首先看看从官网学习后总结的一个思维导图
除了基本的SQLContext,你还可以创建一个HiveContext,它提供了基本的SQLContext的所提供的功能的超集。这些功能中包括附加的特性,可以编写查询,使用更完全的HiveQL解析器,访问Hive UDFs,能够从Hive表中读取数据。现在暂不研究,以后学习
<span style="white-space:pre"> </span>SparkConf conf = new SparkConf();
conf.set("spark.testing.memory", "2147480000"); // 因为jvm无法获得足够的资源
JavaSparkContext sc = new JavaSparkContext("local", "First Spark App", conf);
System.out.println(sc);
// sc is an existing JavaSparkContext.
SQLContext sqlContext = new org.apache.spark.sql.SQLContext(sc);例如,以下根据一个JSON文件创建出一个DataFrame:
package com.tg.spark.sql;
import org.apache.spark.SparkConf;
import org.apache.spark.api.java.JavaSparkContext;
import org.apache.spark.sql.DataFrame;
import org.apache.spark.sql.SQLContext;
/**
* 根据一个JSON文件创建出一个DataFrame:
* @author 汤高
*
*/
public class DataFrameOps {
public static void main(String[] args) {
SparkConf conf=new SparkConf();
conf.set("spark.testing.memory", "2147480000"); //因为jvm无法获得足够的资源
//JavaSparkContext sc = new JavaSparkContext("spark://192.168.52.140:7077", "First Spark App",conf);
JavaSparkContext sc = new JavaSparkContext("local", "First Spark App",conf);
SQLContext sqlContext = new SQLContext(sc);
DataFrame df = sqlContext.read().json("hdfs://master:9000/testFile/people.json");
// Displays the content of the DataFrame to stdout
df.show();
// age name
// null Michael
// 30 Andy
// 19 Justin
// Print the schema in a tree format
df.printSchema();
// root
// |-- age: long (nullable = true)
// |-- name: string (nullable = true)
// Select only the "name" column
df.select("name").show();
// name
// Michael
// Andy
// Justin
// Select everybody, but increment the age by 1
df.select(df.col("name"), df.col("age").plus(1)).show();
// name (age + 1)
// Michael null
// Andy 31
// Justin 20
// Select people older than 21
df.filter(df.col("age").gt(21)).show();
// age name
// 30 Andy
// Count people by age
df.groupBy("age").count().show();
// age count
// null 1
// 19 1
// 30 1
}
}
Spark SQL支持两种不同的方法,用于将存在的RDDs转换成DataFrames。第一种方法使用反射来推断包含特定类型的对象的RDD的模式。在写Spark应用时,当你已知schema的情况下,这种基于反射的方式使得代码更加简介,并且效果更好。

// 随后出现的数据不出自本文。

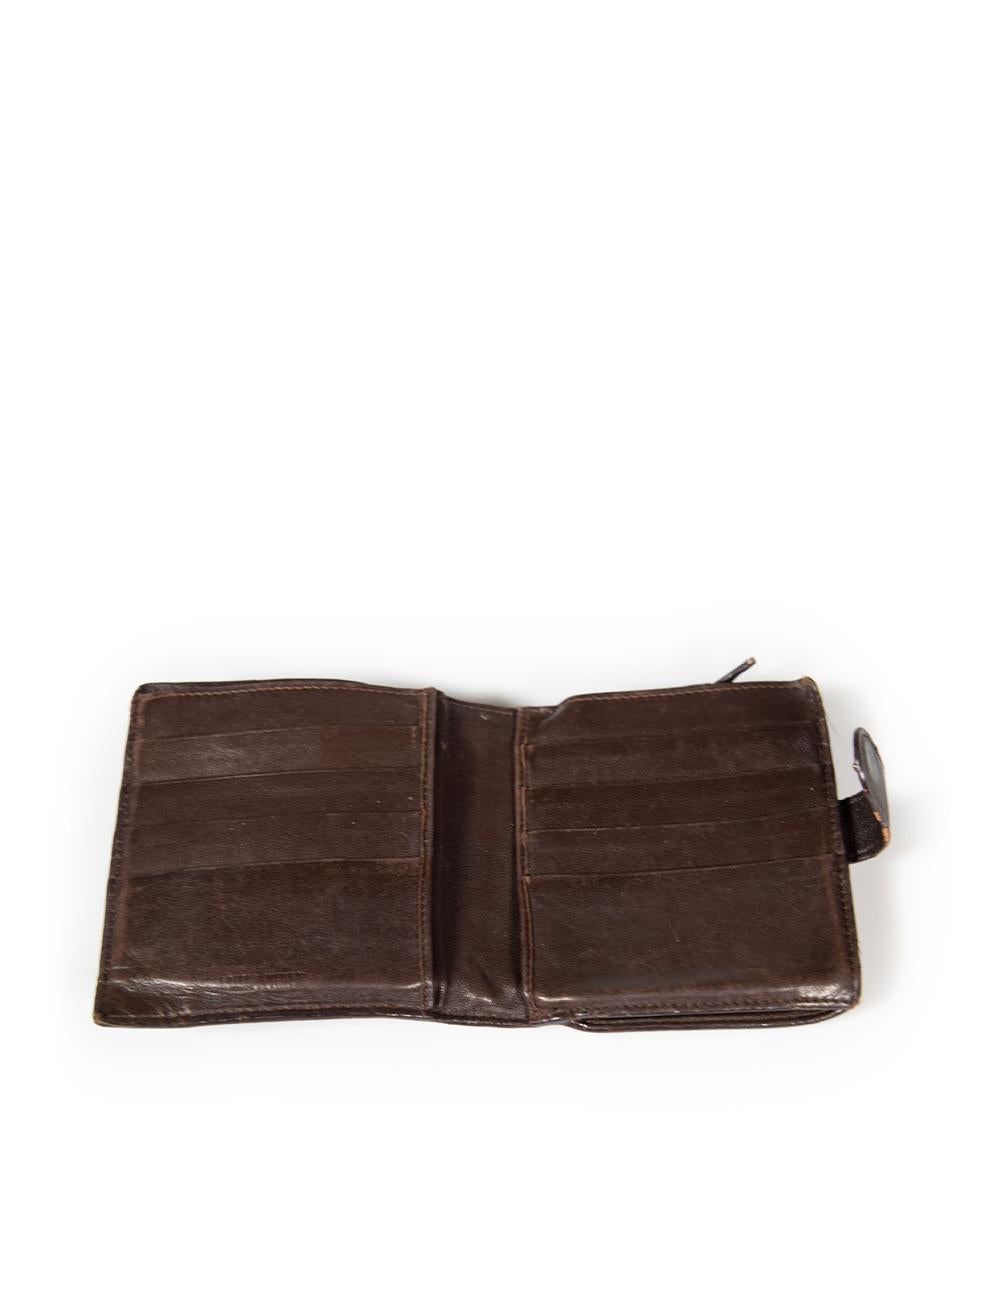 Bottega Veneta Brown Leather Intrecciato Wallet For Sale 1

创建DataFrames的第二种方法是通过编程接口,它允许你构建一个模式,然后将其应用到现有的RDD上。这种方式更加的繁琐,它允许你构建一个DataFrame当列以及类型未知,直到运行时才能知道时。 知道RDD格式的前提下
JavaBeans类定义了表的模式,JavaBeans类的参数的名称使用反射来读取,然后称为列的名称。
JavaBeans类还可以嵌套或者包含复杂的类型,例如Sequences或者Arrays。
这个RDD可以隐式地转换为DataFrame,然后注册成表,
表可以在后续SQL语句中使用Spark SQL中的Scala接口支持自动地将包含JavaBeans类的RDD转换成DataFrame。
步骤:
1、使用JavaBeans类定义schema
2、创建一个SQLContext
3、通过调用createDataFrame方法模式应用到所有现有的RDD,并为JavaBean提供class对象 达到将RDD转换成DataFrame
4、创建一个DataFrame,并将它注册成表。
5、使用sqlContext提供的sql方法,就可以使用SQL语句来查询了。查询后返回的结果是DataFrame,它支持所有的RDD操作
首先写一个JavaBean类,实现序列化接口,并提供get和set方法
package com.tg.spark.sql;
import scala.Serializable;
public class Person implements Serializable {
/**
*
*/
private static final long serialVersionUID = 727694963564948838L;
private String name;
private int age;
public String getName() {
return name;
}
public void setName(String name) {
this.name = name;
}
public int getAge() {
return age;
}
public void setAge(int age) {
this.age = age;
}
}package com.tg.spark.sql;
import org.apache.spark.api.java.JavaRDD;
import org.apache.spark.api.java.JavaSparkContext;
import org.apache.spark.api.java.function.Function;
import org.apache.spark.sql.DataFrame;
import org.apache.spark.sql.Row;
import org.apache.spark.sql.SQLContext;
import org.apache.spark.storage.StorageLevel;
import java.util.List;
import org.apache.spark.SparkConf;
public class CreateDataFrame1 {
public static void main(String[] args) {
SparkConf conf=new SparkConf();
conf.set("spark.testing.memory", "2147480000"); //因为jvm无法获得足够的资源
JavaSparkContext sc = new JavaSparkContext("local", "First Spark App",conf);
System.out.println(sc);
// sc is an existing JavaSparkContext.
SQLContext sqlContext = new org.apache.spark.sql.SQLContext(sc);
// Load a text file and convert each line to a JavaBean.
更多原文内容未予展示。